En los primeros años noventa tuve la dicha de convivir muy cerca del maestro Enrique Morente. Desde que lo conocí, en Viñapé, con el padre Riso, siempre me mostró cariño y aprecio. Era la época en la que estaba mal visto que te gustara Morente. Yo lo admiraba desde que años antes en Viena había escuchado su disco Cantes antiguos del flamenco con la guitarra de Niño Ricardo, ese que contiene la inconmensurable malagueña grande de Chacón, pero pronto descubrí como digo que en aquellos años era un cantaor maldito, y en determinados círculos no se podía ni nombrar. Solo unos pocos adorábamos al genio del Albaicín, al Ronco de Graná, al gigante del cante jondo, aquel coloso con cara de inglés, como él decía.
— Con esta cara de inglés que tengo, cómo quieres que me quieran.
Durante varios años visité a Enrique y su familia en una casita que tenían en el Camino del Monte, antes de comprar la de San Miguel. Allí Aurora me dejaba una habitación y me pasaba unos días. Coincidí varias veces también con Pepe Habichuela y su esposa Amparo. Una vez incluso llegue a quedarme casi dos semanas. Llegaba el día de irme y Enrique me decía:
— ¿Te vas a ir hoy? Vete mañana ya, Faustinico.
Y así todos los días, hasta que Aurora, sin decirme nada, me hizo entender que ya era suficiente. Fueron días inolvidables. Mejor dicho, noches. Salíamos a las ocho de la tarde y volvíamos a las dos del día siguiente. Nos la pasábamos en la Bulería, una taberna del Sacromonte. Por algo le decían a Enrique “El Sereno de Graná”. De siempre, cuando salía de noche con el maestro, metía las gafas de sol en el bolsillo de la chaqueta, sabiendo que al día siguiente saldríamos de algún garito con un sol de justicia abrasándote los ojos.
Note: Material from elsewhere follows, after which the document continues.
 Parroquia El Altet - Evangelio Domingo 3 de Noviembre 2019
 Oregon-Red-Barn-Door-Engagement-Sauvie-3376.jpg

«Morente fue un trasgresor, un aventurero, le gustaba situarse al borde y, si podía, cruzaba con gusto las líneas rojas que la vida le iba marcando. Sus armas eran el conocimiento, la inteligencia, la bondad y el amor por los suyos»
Y el ajedrez. A Enrique le chiflaba jugar. Lo hacíamos con frecuencia en el Candela, con el añorado Miguel, otro gran aficionado al flamenco, y al ajedrez. No era el lugar ideal para mover las figuras en el tablero debido al considerable bullicio que solía reinar en el famoso local de la calle Olivar esquina con Olmo en el castizo barrio madrileño de Lavapiés. Era la casa de los flamencos. Allí se han vivido las fiestas más memorables de los últimos años en la corte. Todo aquello acabó poco a poco con el tristísimo fallecimiento de Miguel y también con el de Enrique. La llama vigorosa de la madrugada flamenca se fue apagando pesar de los considerables esfuerzos de Jose, el hermano de Miguel. Por lo visto se ha vendido el local con todo su contenido. El destino de los Gabrieles, Casa Patas y el mejor Madrid flamenco que se ha ido y, si alguien no lo remedia, ya no volverá.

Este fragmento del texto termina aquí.